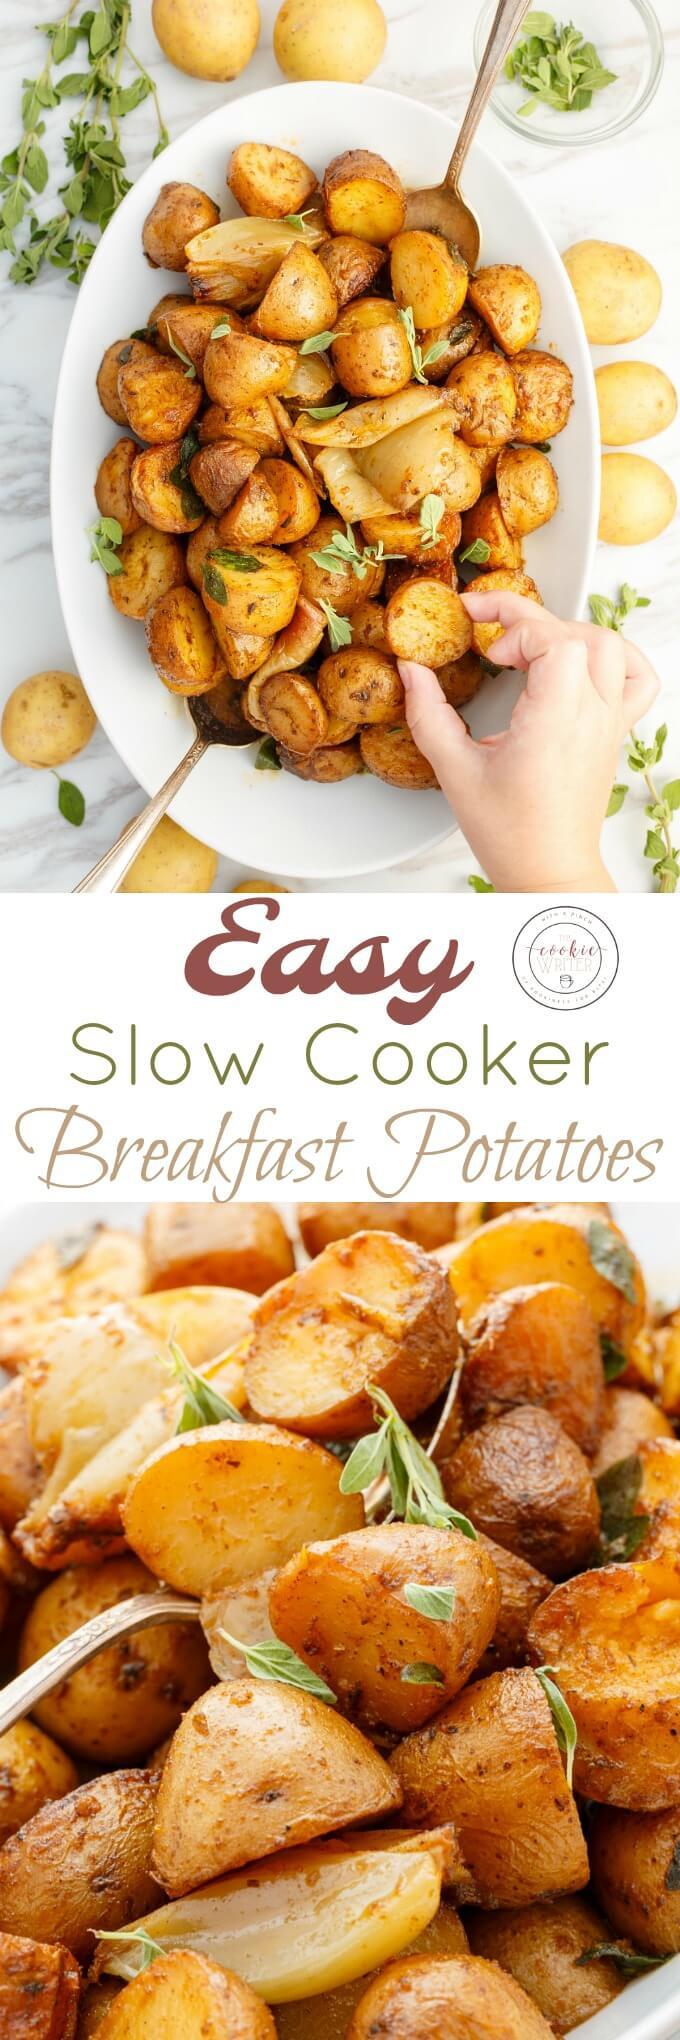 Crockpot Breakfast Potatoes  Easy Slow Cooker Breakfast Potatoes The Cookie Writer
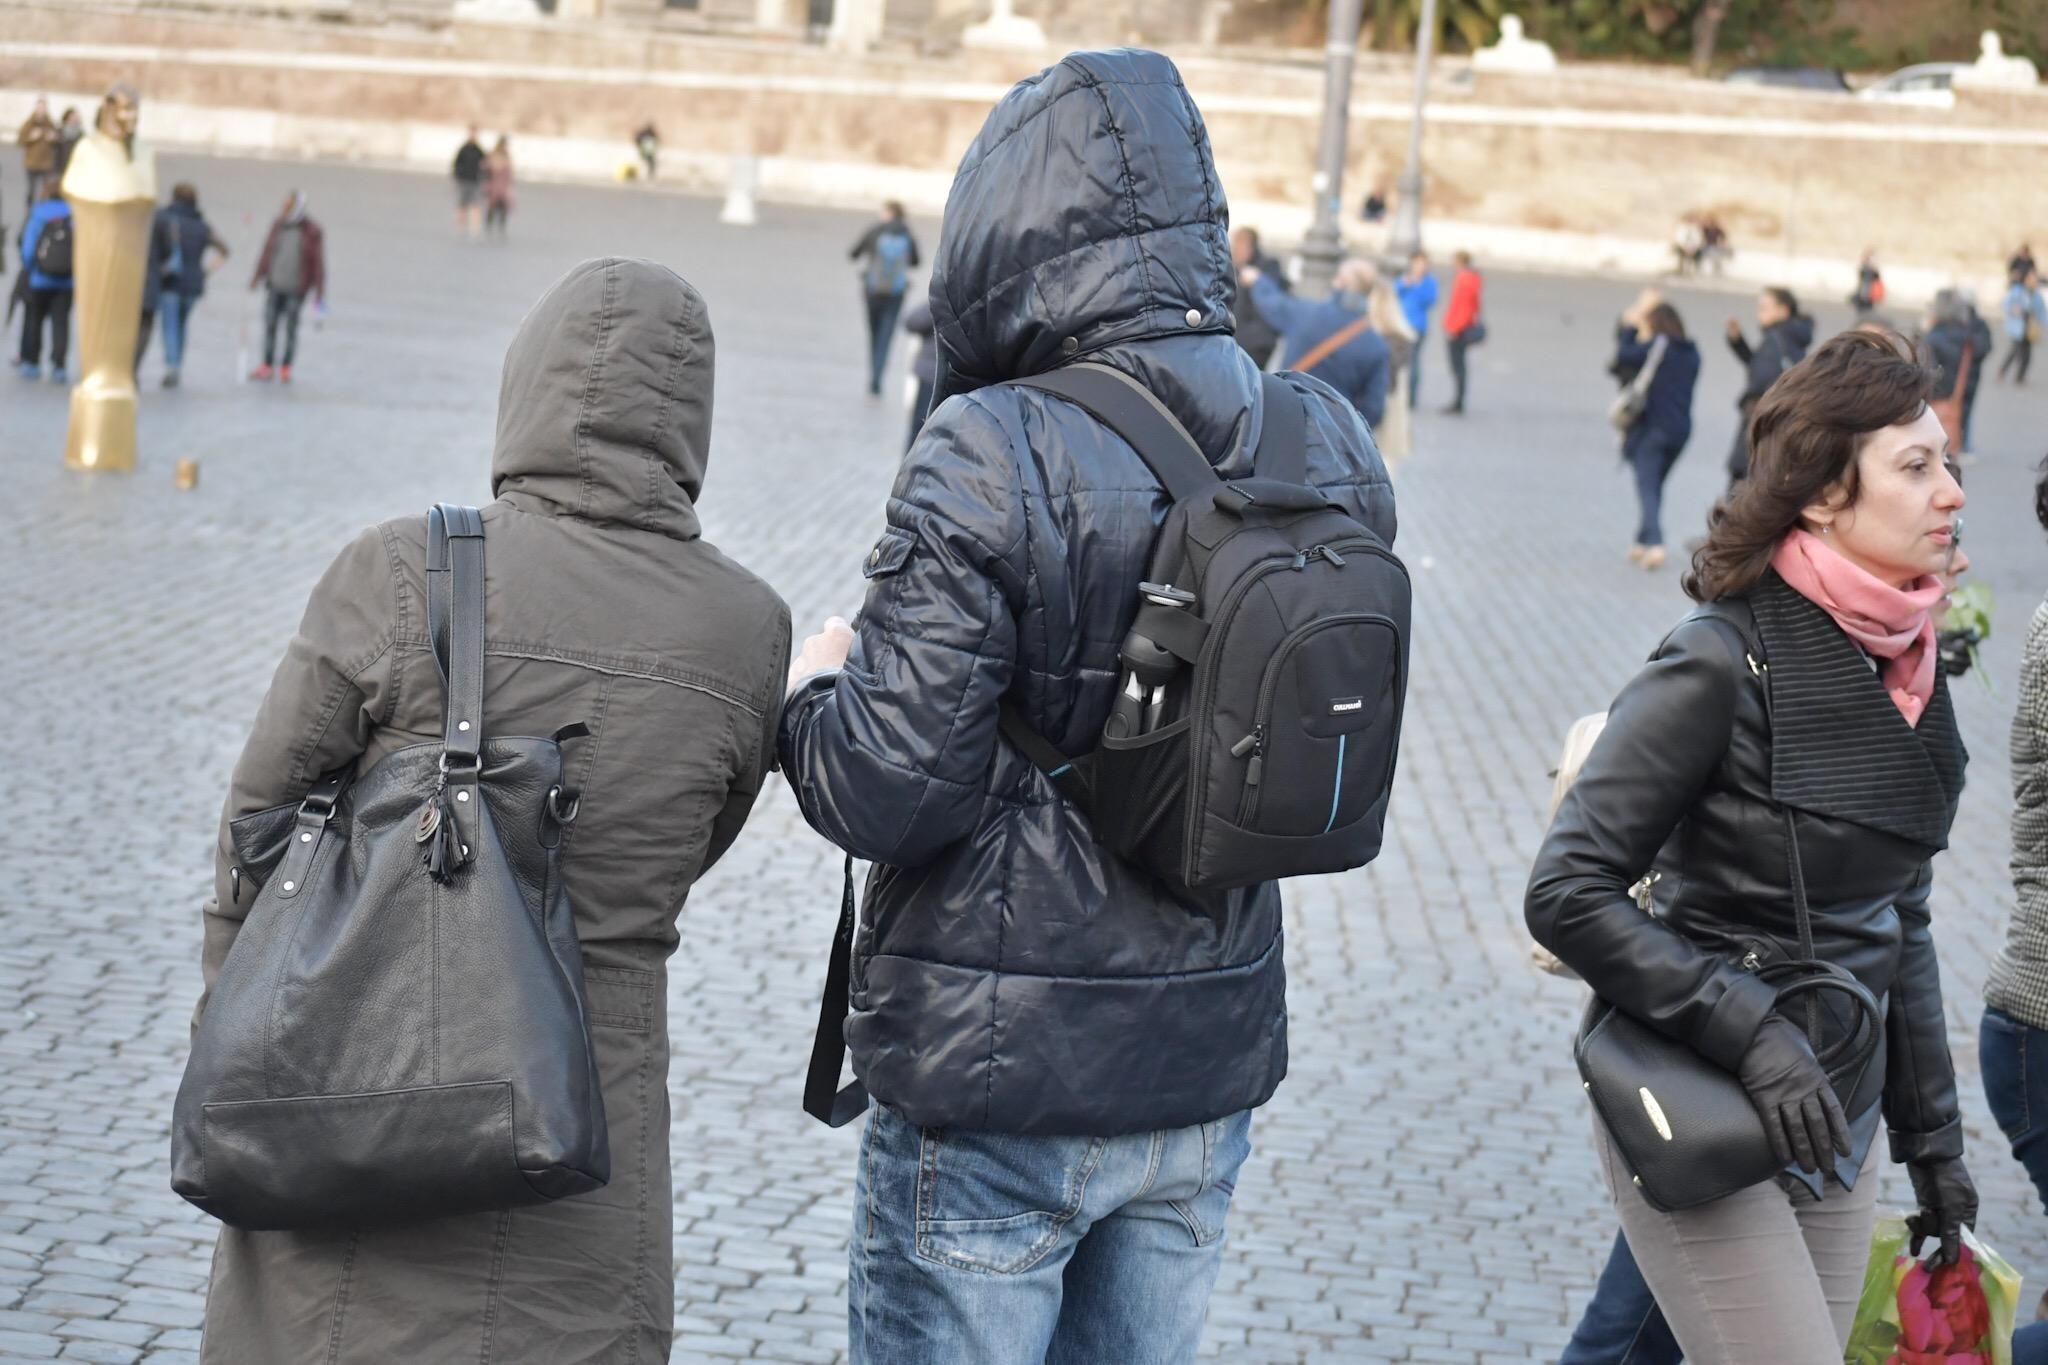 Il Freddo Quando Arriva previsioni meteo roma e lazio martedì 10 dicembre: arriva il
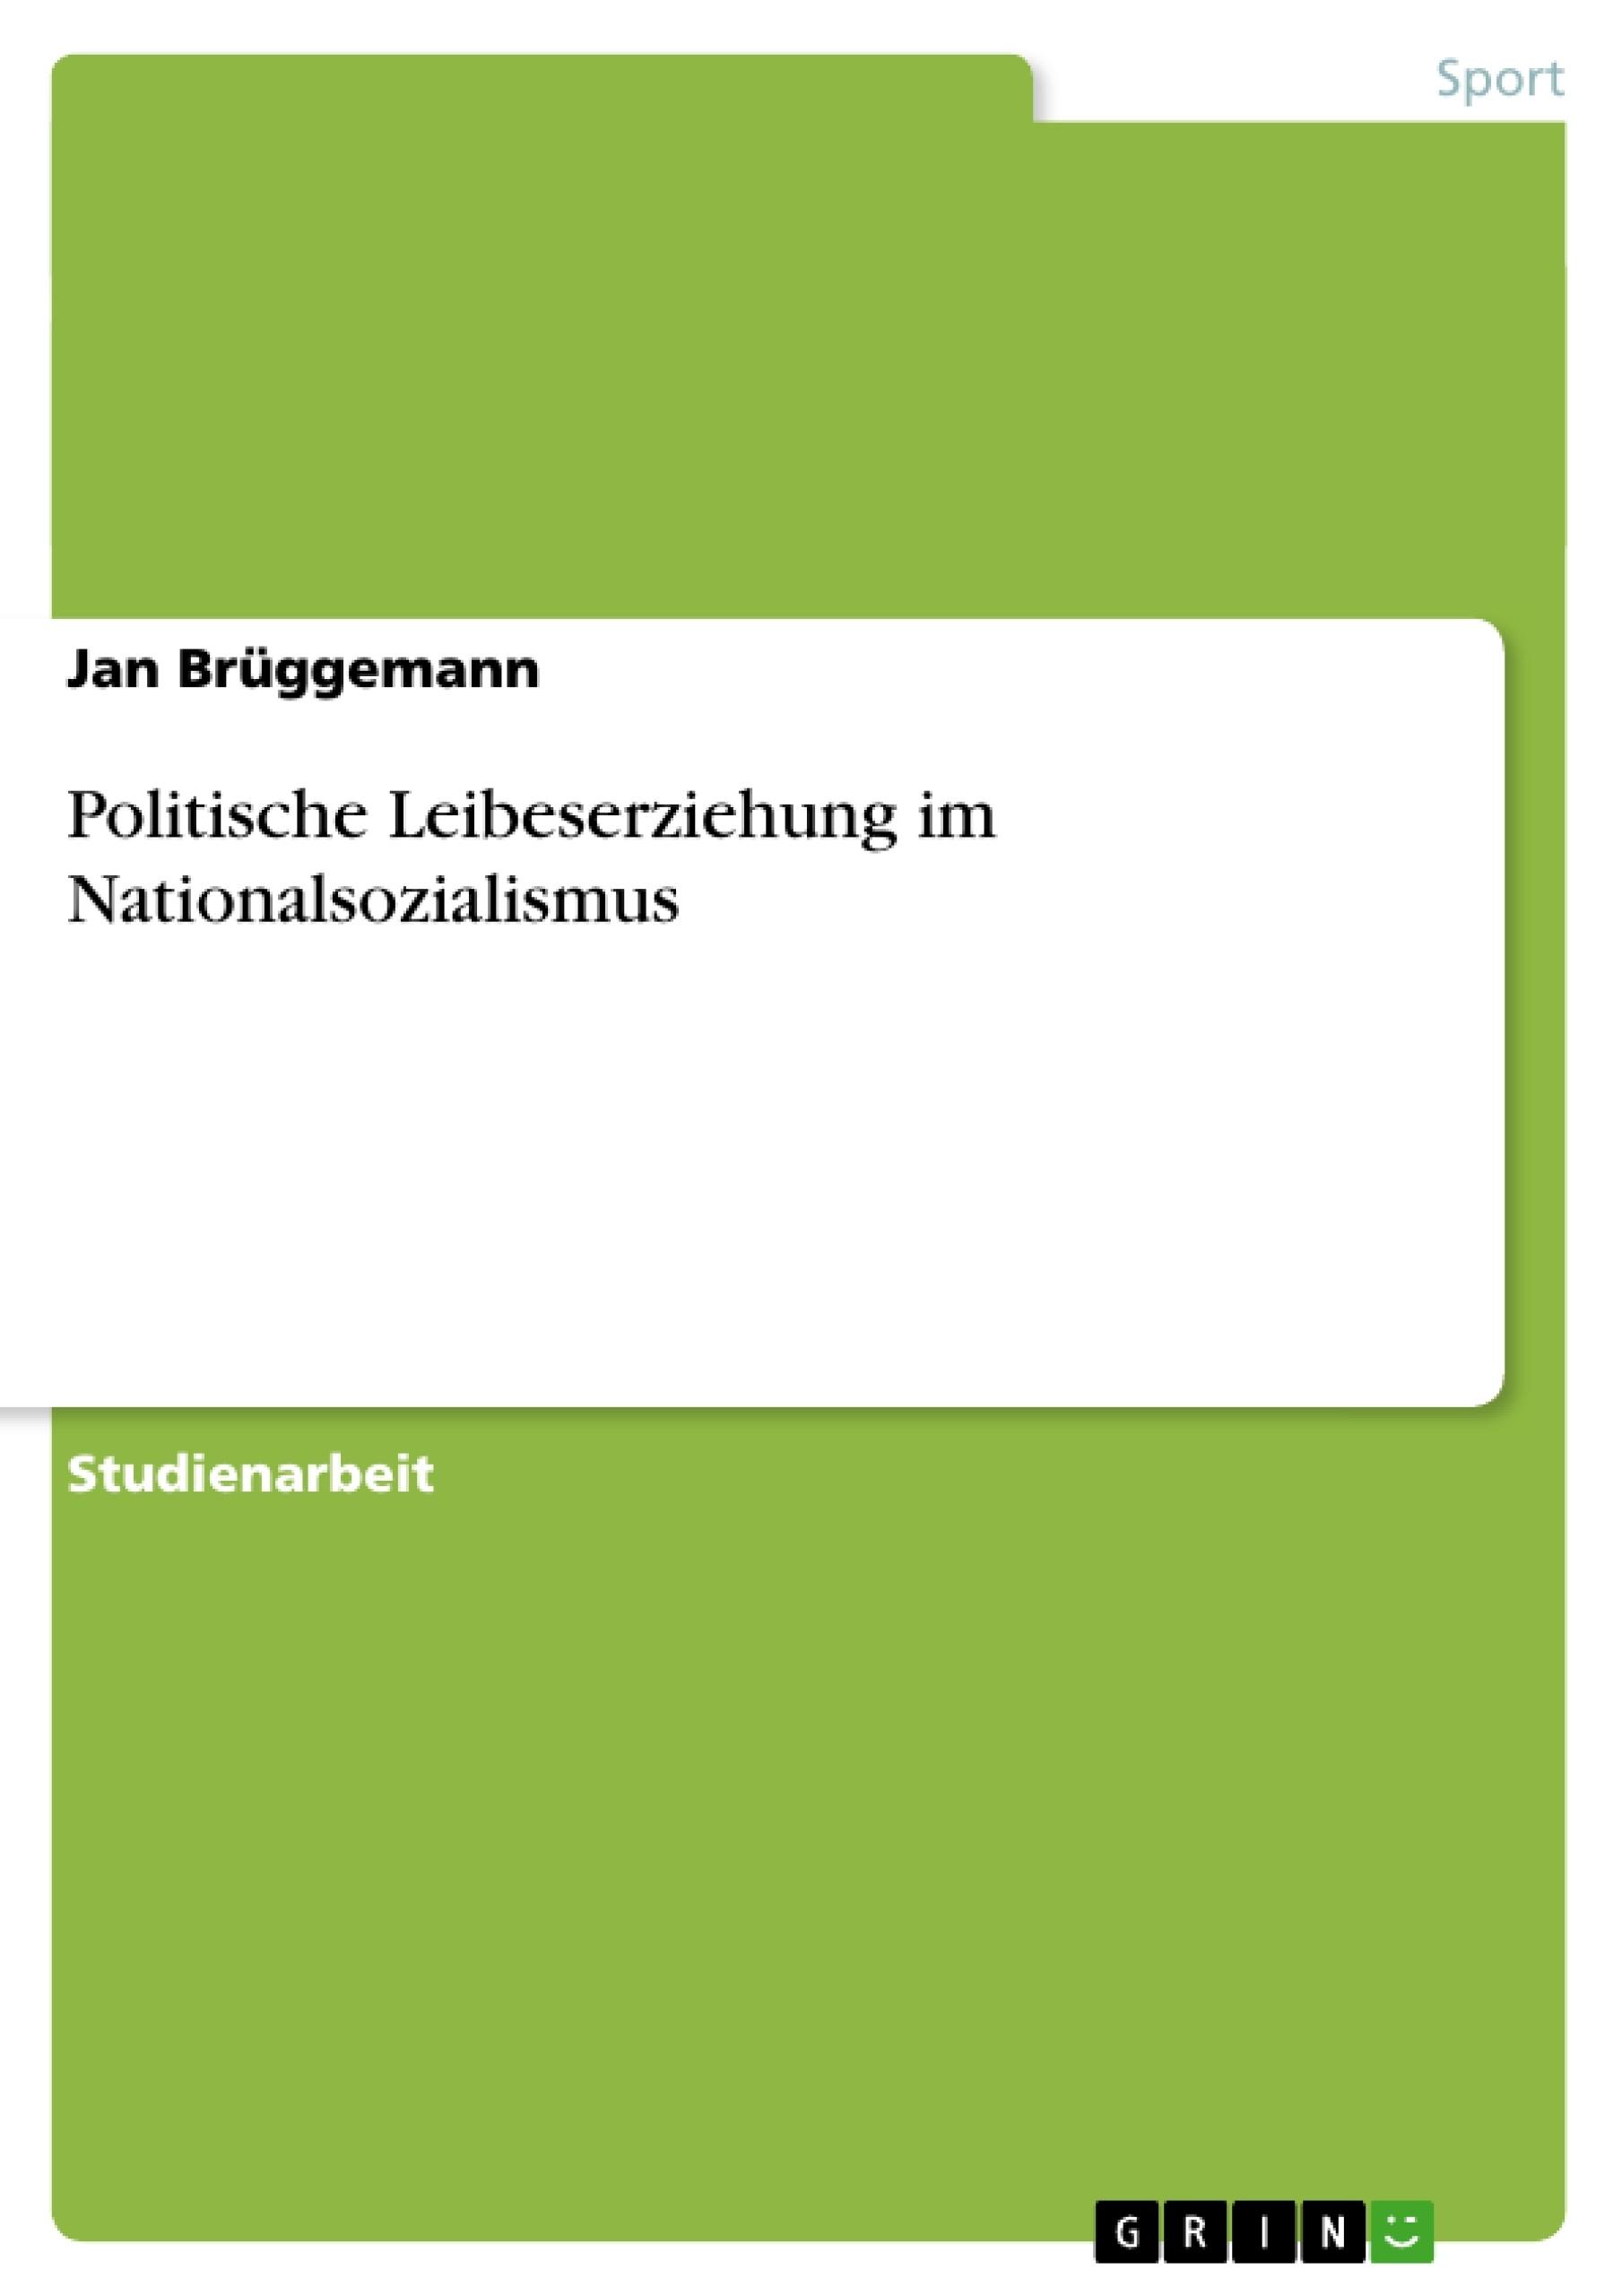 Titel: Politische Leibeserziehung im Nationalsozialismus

┄┄┄┄┄┄┄┄┄┄

### Your task
Each line from the one with "Il Freddo Quando" to the end of the material needs to be output word for word, with no picture included.

### Exercise solution
 Il Freddo Quando Arriva previsioni meteo roma e lazio martedì 10 dicembre: arriva il
 Titel: Politische Leibeserziehung im Nationalsozialismus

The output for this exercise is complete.